▶ Task goal: Go through the listing and return every line with "late" in it.
◆ ◆ ◆ ◆ ◆ ◆ ◆
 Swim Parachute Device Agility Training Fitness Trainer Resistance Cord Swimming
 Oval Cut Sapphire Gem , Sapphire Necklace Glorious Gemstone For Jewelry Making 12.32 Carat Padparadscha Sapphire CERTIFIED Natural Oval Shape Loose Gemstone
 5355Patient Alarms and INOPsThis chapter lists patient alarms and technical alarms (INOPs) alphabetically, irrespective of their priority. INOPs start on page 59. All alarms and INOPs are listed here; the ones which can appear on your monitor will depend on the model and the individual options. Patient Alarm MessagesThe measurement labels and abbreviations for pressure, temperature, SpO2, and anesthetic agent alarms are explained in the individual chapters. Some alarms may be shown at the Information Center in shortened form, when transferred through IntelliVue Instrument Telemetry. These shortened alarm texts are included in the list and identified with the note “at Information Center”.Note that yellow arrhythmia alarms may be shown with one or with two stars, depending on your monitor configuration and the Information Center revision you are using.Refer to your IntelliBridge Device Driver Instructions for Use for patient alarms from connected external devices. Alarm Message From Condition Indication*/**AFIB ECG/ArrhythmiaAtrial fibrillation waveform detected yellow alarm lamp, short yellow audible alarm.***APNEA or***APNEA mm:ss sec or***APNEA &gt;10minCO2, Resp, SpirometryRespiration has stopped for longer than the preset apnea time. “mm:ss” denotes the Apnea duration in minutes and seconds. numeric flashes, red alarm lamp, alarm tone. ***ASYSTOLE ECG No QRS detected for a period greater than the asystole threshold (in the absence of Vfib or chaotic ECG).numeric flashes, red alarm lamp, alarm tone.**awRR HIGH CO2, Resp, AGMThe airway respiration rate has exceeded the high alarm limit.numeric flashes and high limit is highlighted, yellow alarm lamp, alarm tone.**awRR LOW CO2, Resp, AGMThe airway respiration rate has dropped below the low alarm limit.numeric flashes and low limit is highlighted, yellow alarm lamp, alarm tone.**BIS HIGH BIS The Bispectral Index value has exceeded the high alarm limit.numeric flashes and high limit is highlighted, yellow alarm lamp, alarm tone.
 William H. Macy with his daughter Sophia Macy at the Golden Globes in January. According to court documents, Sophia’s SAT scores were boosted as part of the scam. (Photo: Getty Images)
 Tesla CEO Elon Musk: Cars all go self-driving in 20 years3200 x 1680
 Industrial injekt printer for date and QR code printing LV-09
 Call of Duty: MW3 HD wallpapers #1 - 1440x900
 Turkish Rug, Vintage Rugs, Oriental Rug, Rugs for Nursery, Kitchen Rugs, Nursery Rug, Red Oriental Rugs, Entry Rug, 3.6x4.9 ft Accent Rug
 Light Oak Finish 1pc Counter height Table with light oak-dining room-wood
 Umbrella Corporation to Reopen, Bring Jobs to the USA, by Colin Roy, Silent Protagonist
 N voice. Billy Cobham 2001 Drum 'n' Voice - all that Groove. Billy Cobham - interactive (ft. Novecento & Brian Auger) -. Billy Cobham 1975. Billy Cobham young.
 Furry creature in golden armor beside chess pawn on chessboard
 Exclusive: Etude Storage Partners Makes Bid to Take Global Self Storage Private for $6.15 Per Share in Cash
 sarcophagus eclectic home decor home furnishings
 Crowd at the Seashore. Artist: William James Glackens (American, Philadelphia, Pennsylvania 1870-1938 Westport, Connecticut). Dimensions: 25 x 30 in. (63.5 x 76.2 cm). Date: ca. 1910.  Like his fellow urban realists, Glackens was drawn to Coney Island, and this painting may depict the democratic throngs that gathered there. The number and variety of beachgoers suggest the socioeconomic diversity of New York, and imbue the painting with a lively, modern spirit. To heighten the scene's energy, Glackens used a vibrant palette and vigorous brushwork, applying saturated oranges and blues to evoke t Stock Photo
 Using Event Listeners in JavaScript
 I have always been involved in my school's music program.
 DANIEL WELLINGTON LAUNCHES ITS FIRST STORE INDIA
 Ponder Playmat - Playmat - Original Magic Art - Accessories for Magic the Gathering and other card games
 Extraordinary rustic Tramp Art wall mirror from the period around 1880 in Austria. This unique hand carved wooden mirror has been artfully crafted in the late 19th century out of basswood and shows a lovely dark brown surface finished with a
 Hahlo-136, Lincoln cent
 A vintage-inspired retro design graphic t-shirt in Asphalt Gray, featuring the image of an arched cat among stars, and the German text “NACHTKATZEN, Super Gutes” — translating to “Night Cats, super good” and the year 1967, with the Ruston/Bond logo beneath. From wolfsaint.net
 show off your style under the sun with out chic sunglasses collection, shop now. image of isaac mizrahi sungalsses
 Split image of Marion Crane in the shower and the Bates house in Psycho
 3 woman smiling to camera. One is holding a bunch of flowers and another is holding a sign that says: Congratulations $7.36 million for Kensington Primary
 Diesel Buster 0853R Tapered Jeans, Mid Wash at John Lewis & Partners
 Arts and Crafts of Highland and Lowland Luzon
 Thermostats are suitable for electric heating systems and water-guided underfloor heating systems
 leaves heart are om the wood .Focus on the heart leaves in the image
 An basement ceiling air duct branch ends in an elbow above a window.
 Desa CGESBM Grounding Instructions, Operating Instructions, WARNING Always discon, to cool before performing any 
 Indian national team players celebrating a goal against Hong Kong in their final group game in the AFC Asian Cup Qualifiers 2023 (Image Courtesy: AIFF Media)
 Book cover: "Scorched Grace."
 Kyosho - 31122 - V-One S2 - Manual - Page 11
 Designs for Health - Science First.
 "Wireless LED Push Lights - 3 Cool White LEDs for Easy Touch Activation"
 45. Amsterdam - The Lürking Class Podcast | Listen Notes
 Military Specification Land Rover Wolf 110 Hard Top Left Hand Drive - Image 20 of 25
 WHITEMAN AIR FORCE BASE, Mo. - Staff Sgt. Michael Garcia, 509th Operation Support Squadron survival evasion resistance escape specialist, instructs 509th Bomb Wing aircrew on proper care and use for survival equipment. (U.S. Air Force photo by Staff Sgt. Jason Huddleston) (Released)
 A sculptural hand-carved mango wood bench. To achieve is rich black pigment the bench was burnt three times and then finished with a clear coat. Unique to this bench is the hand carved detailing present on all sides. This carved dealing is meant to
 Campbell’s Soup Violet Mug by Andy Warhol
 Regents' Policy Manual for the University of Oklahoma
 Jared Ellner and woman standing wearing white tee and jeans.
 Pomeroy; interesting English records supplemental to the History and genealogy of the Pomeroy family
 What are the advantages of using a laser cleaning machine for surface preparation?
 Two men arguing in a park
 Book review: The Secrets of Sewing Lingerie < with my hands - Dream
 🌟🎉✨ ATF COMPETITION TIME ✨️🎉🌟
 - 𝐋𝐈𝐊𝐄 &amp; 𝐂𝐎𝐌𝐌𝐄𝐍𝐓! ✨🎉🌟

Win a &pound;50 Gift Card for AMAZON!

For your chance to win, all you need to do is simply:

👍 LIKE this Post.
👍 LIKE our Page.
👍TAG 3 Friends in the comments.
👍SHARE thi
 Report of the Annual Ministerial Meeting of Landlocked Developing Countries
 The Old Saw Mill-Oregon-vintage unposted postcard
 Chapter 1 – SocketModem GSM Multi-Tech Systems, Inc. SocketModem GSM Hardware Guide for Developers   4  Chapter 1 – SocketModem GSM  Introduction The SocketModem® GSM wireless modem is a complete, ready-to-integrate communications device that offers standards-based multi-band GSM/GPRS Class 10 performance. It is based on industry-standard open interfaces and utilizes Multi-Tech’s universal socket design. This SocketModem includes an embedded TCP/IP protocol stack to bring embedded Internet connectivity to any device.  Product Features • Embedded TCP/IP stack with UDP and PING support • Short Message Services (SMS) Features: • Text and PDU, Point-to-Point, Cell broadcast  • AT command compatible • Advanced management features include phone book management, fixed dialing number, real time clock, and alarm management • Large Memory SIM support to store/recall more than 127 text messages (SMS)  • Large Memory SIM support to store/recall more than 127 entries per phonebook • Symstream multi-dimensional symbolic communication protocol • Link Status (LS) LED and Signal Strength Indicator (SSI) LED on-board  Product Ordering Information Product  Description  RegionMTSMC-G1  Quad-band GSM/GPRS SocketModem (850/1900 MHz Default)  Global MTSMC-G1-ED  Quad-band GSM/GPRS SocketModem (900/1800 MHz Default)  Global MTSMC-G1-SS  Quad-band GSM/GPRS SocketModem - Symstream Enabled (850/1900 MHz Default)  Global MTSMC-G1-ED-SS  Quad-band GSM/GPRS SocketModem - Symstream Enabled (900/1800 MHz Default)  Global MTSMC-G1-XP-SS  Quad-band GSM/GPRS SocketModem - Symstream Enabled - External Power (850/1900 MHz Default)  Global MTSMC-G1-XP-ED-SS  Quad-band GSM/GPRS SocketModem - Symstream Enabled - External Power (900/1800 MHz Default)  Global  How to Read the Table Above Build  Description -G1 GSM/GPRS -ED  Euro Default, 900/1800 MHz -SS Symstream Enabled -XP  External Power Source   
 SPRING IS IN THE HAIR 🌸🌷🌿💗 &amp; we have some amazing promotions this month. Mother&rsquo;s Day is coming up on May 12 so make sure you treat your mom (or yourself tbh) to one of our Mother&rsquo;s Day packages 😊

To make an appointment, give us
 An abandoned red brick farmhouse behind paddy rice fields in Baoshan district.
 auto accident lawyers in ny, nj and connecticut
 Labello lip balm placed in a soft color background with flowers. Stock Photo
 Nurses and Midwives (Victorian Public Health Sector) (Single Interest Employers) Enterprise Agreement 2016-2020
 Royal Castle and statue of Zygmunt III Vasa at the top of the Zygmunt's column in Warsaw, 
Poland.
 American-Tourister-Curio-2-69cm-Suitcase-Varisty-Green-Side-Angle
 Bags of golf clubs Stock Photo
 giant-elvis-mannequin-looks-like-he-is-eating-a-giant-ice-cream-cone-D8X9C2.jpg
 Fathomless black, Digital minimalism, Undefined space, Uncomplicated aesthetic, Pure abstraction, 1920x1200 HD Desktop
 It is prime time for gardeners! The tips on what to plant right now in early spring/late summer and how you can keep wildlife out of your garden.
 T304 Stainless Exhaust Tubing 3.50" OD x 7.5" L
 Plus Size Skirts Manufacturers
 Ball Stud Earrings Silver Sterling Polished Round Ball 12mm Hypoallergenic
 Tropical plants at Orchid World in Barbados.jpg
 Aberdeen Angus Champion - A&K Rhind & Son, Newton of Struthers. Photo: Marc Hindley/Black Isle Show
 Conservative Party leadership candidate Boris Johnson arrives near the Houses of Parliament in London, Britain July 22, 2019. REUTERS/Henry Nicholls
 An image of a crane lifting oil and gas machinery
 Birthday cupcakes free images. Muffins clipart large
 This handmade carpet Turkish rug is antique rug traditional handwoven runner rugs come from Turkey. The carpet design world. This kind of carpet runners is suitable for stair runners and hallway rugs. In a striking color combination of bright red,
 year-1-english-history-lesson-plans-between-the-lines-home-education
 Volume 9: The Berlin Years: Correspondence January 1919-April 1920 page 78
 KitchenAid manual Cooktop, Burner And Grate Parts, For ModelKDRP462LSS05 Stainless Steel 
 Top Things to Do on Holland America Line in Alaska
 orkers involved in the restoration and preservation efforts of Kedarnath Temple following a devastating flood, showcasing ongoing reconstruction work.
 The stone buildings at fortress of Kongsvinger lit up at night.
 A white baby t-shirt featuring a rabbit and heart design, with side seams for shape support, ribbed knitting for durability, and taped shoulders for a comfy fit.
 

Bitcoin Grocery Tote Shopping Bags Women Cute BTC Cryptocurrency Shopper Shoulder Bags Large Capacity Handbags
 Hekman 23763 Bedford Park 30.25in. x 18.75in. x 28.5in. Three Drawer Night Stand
◆ ◆ ◆ ◆ ◆ ◆ ◆
▶ Reply to the task:
 Extraordinary rustic Tramp Art wall mirror from the period around 1880 in Austria. This unique hand carved wooden mirror has been artfully crafted in the late 19th century out of basswood and shows a lovely dark brown surface finished with a
 It is prime time for gardeners! The tips on what to plant right now in early spring/late summer and how you can keep wildlife out of your garden.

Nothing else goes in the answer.